RSS
 

Server Handling of Accept HTTP Headers

31 Aug

When a browser (or any web client) requests content from a web server, it can tell the server what types of content type it can interpret (HTML, text, audio, etc.). The underlying HTTP protocol allows these to be specified via “header” settings—metadata that is sent before any actual content, describing characteristics about the content. The browser can send an “Accept” header—to describe what it accepts—and the server responds with a “Content-type” header. The Accept header can be quite elaborate, but what happens when what happens when these conflict?

This is usually of concern when writing server-side code, and particularly, a framework. Because most developers do not write frameworks (they use one) and since they control both the client and server-side code, they rarely need to concern themselves with this. But I have been thinking through such minutia as I write my own PHP framework. In particular, there are lots of characteristics about a request to a server that can be handled (i.e., routed) by a server framework. It is common for a server to be able to deliver the same essential content but can be encoded in different ways, HTML, XML, JSON—different formats for the same content. Because developers do not usually consider the Accept header during development, they construe other methods of specifying to a server what format is desired; e.g., by the document name or URL:

Type By Doc Name By URL Path By Query Value
html
often the default
http://example.com/article.html …/article.html …/article.html
xml http://example.com/article.xml …/article/xml or
…/xml/article
…/article?fmt=xml

While these methods are fine, there is no standard for these approaches. This means that the developer has to contrive their own way of correlating those names to the format request type. The Accept header is already a standard way to accommodate this.  The W3C spec describes the format and interpretation of the Accept header pretty well in “Chapter 14.1 Header Field Definitions: Accept” (though it took me a long time for its relevance to sink in).  The complication is that the Accept header is fairly elaborate and frameworks don’t route to code based on these settings. Also, it is often inconvenient to set the Accept header from the caller (though, I am going to ignore this last point for the purposes of this article).

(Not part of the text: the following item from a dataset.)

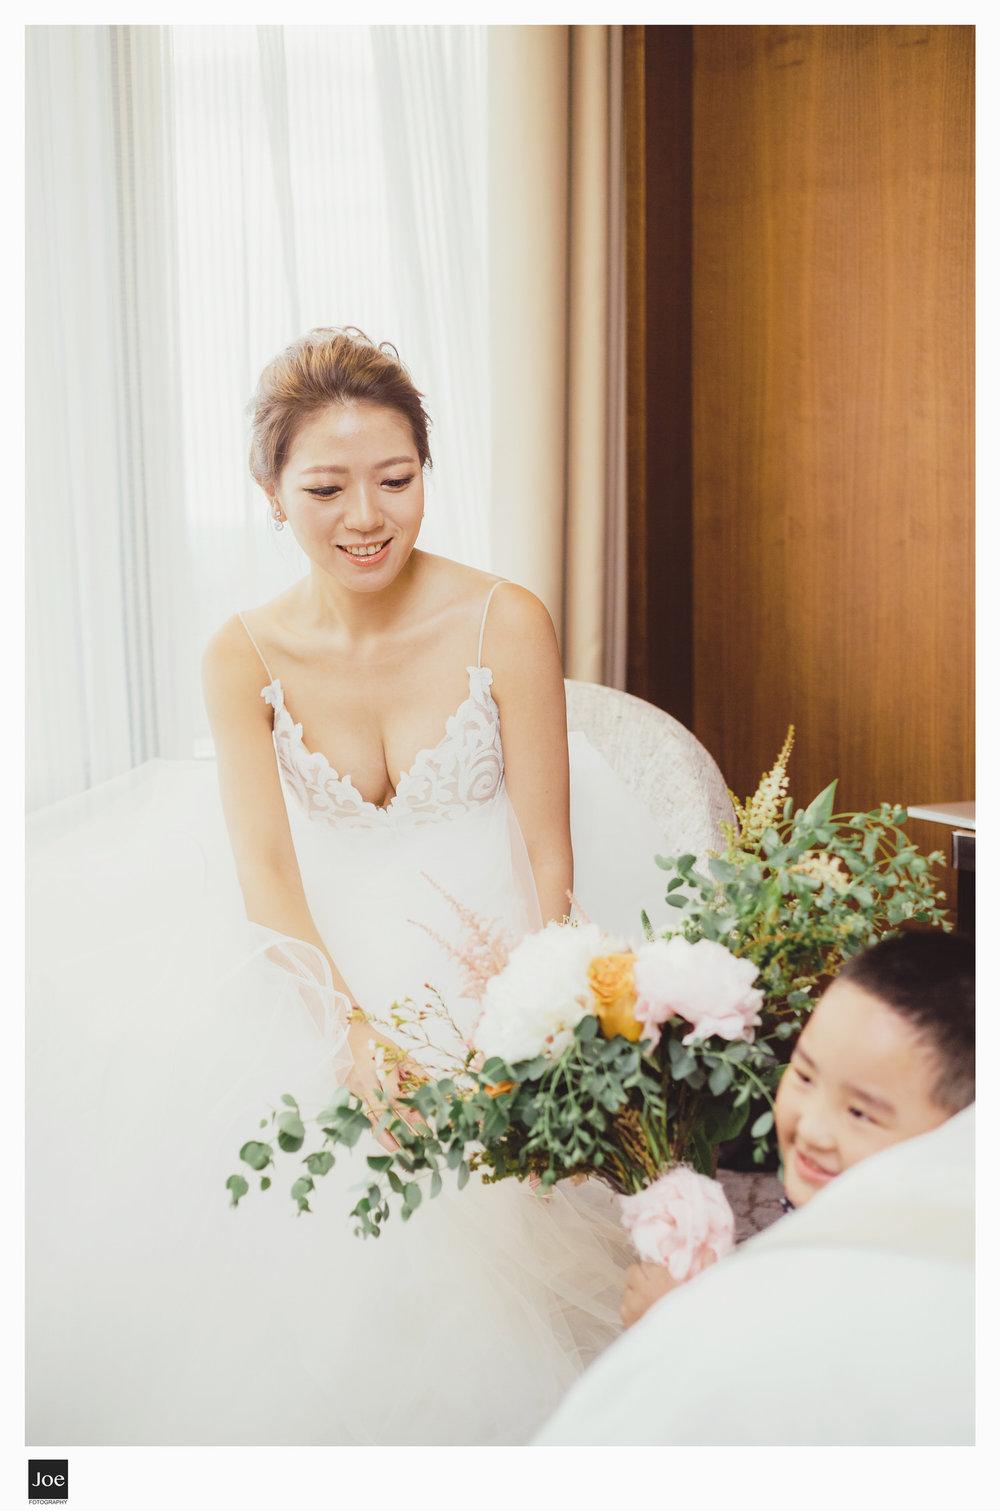 wedding-photography-shangri-la-far-eastern-plaza-hotel-ariel-sam-joe-fotography-111.jpg
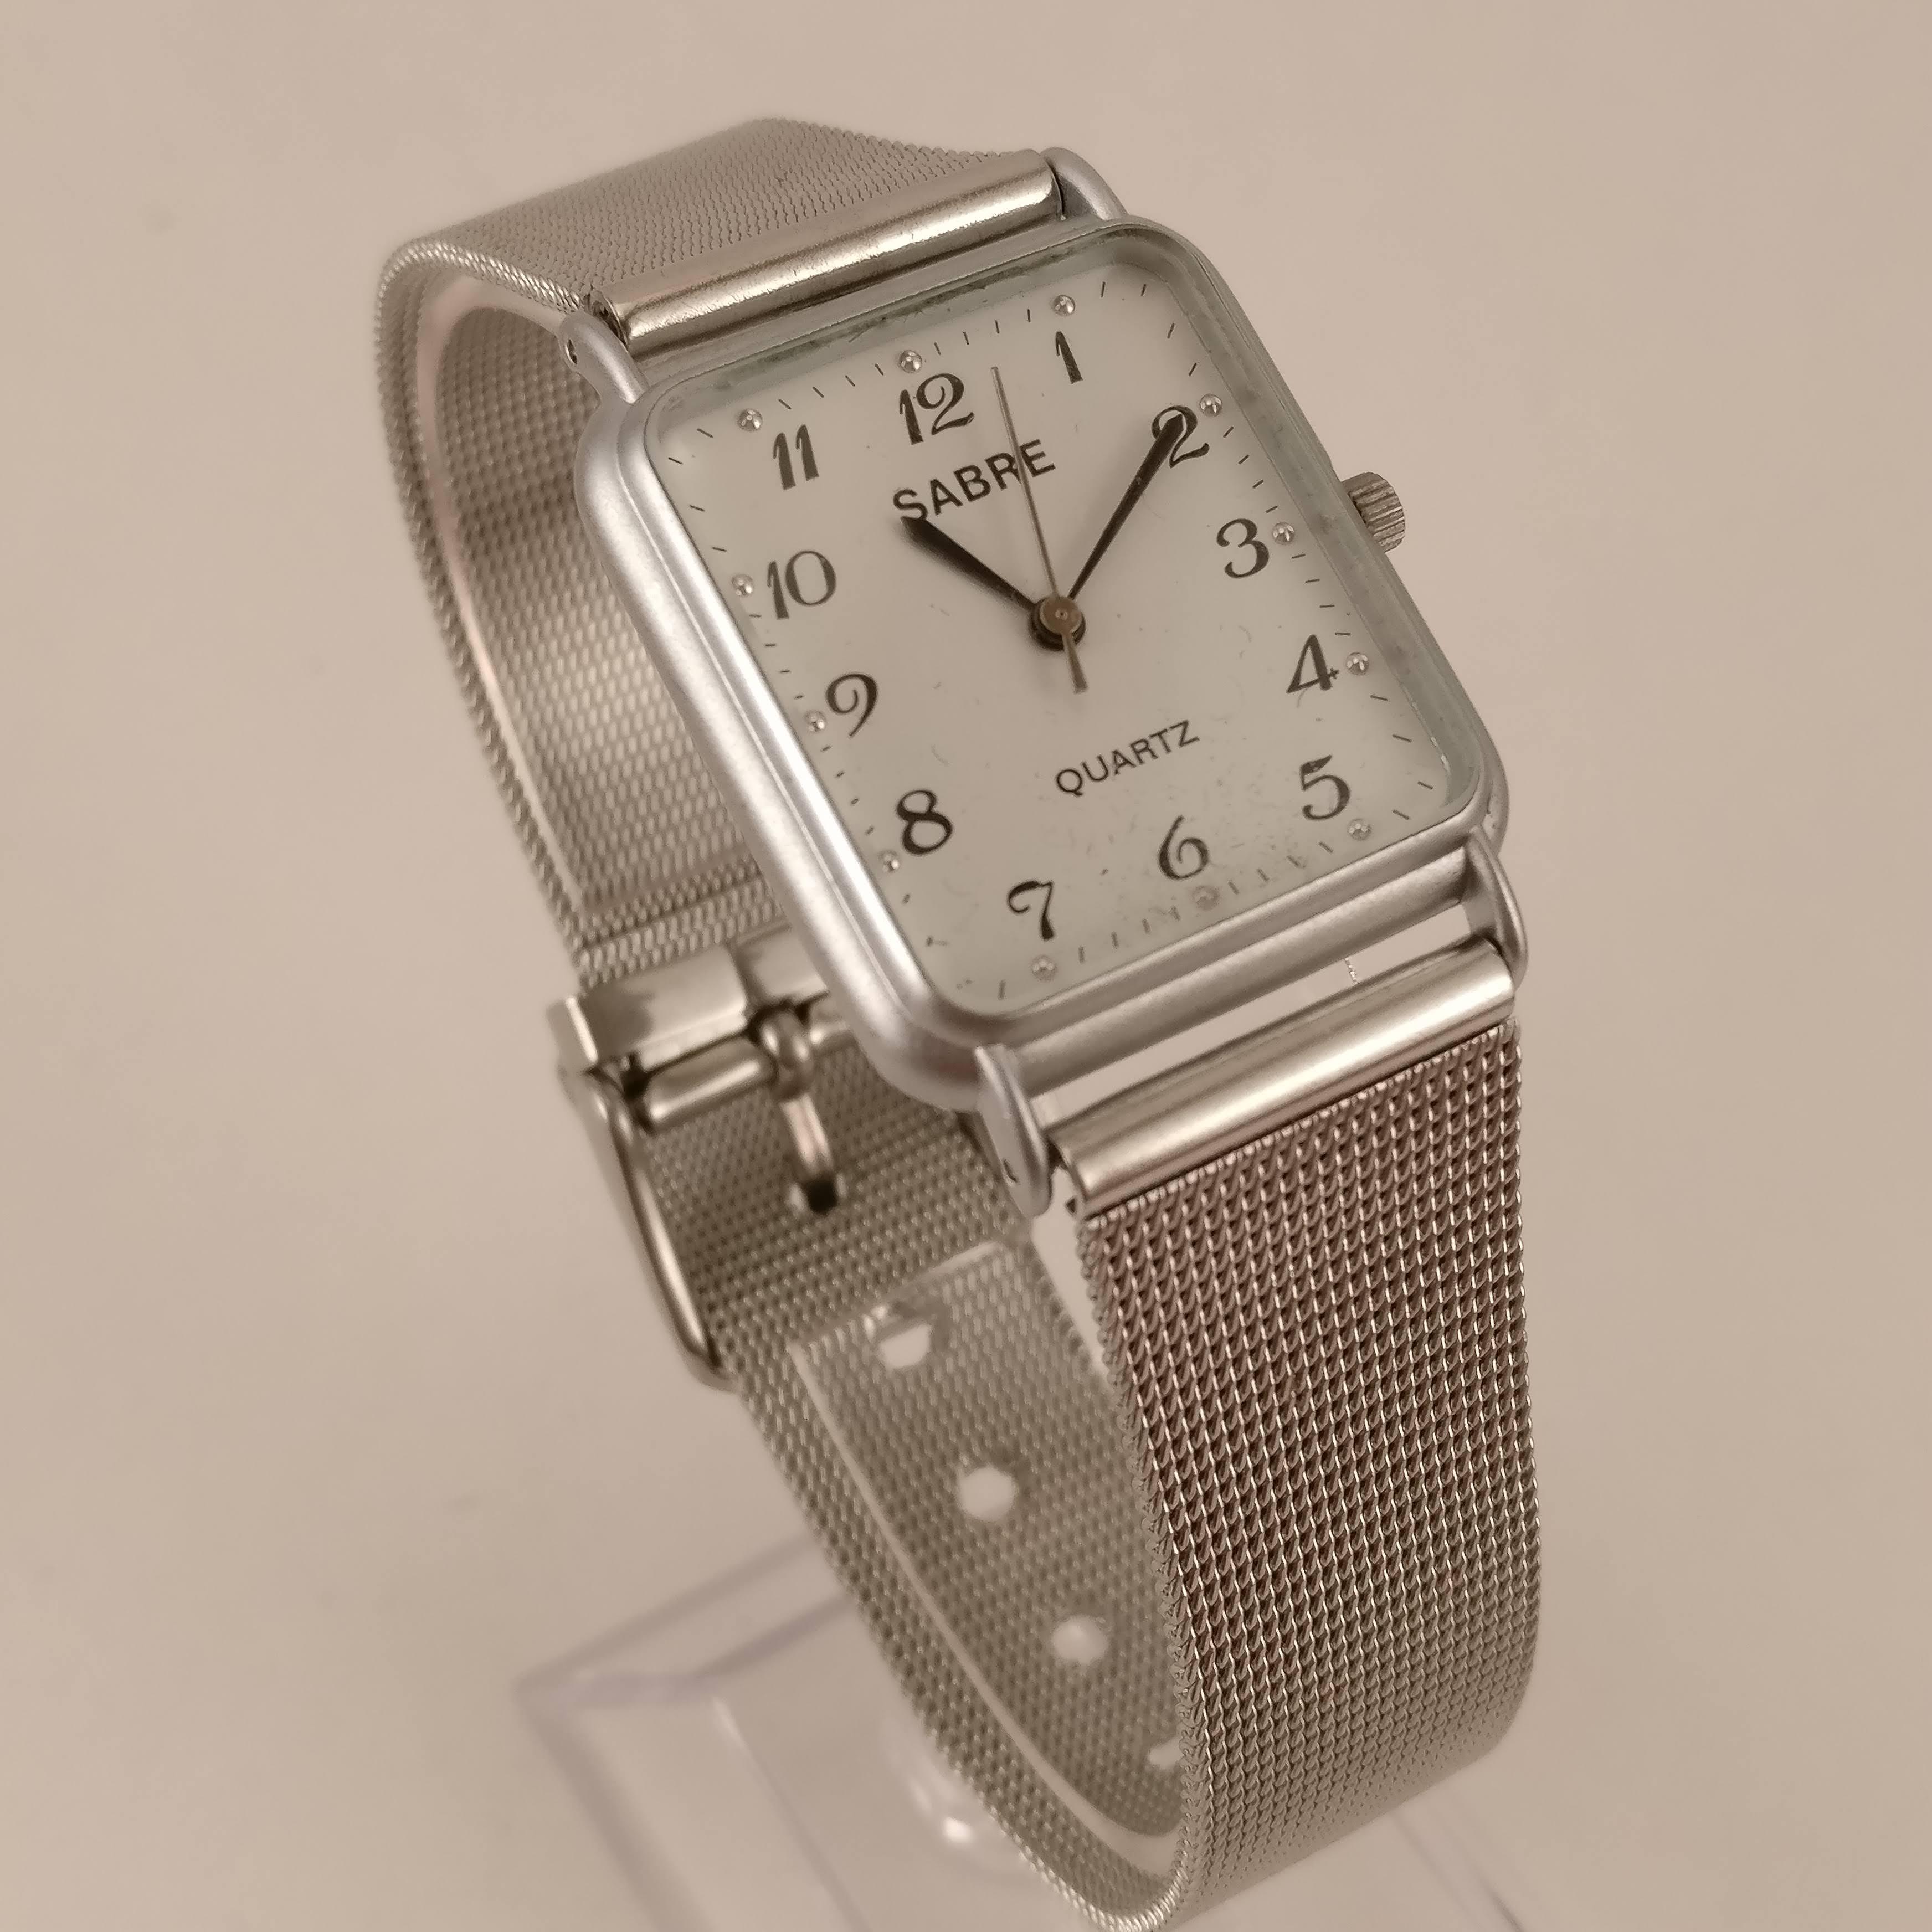 Uitgelezene Sabre Dames Horloge MY-83

The Accept header specifies the type of data they accept using MIME-types and subtypes (e.g., text/html, application/xml). The Accept header allows for multiple specifications of content it will accept as well as a priority for them:

[source light=”true”]
Accept: text/html, text/*, text/plain; q=.5, */*
[/source]

which says that the client is

  1. preferring HTML for a given (URL) request,
  2. if that isn’t available from the server, send text/plain formatted content,
  3. if that isn’t available, send any text type content,
  4. and, finally, if that isn’t available, send any other content type the server has.

If  “*/*” were not part of the specification and the server did not have any of the other format types available, then the server should return a 406 error response.

So, rather than contriving a URL specification for a client to specify in order to identify the type of data to receive, I want to build a framework to interpret the Accept setting and dispatch to the appropriate “handler” for the request. I am not sure, yet, how to do this in a way that is predictable and easy to use for the developer and does not conflict with other dispatching decisions they may also have. Part of the problem is that the Accept spec can be open-ended and its relationship between what the client wants and what the server can deliver is many-many.

Perhaps, a server framework would allow a priority of types to deliver which, in combination with the Accept specification, would determine the handler to dispatch to.

Comments? How would you like to see a framework automatically handle these decisions?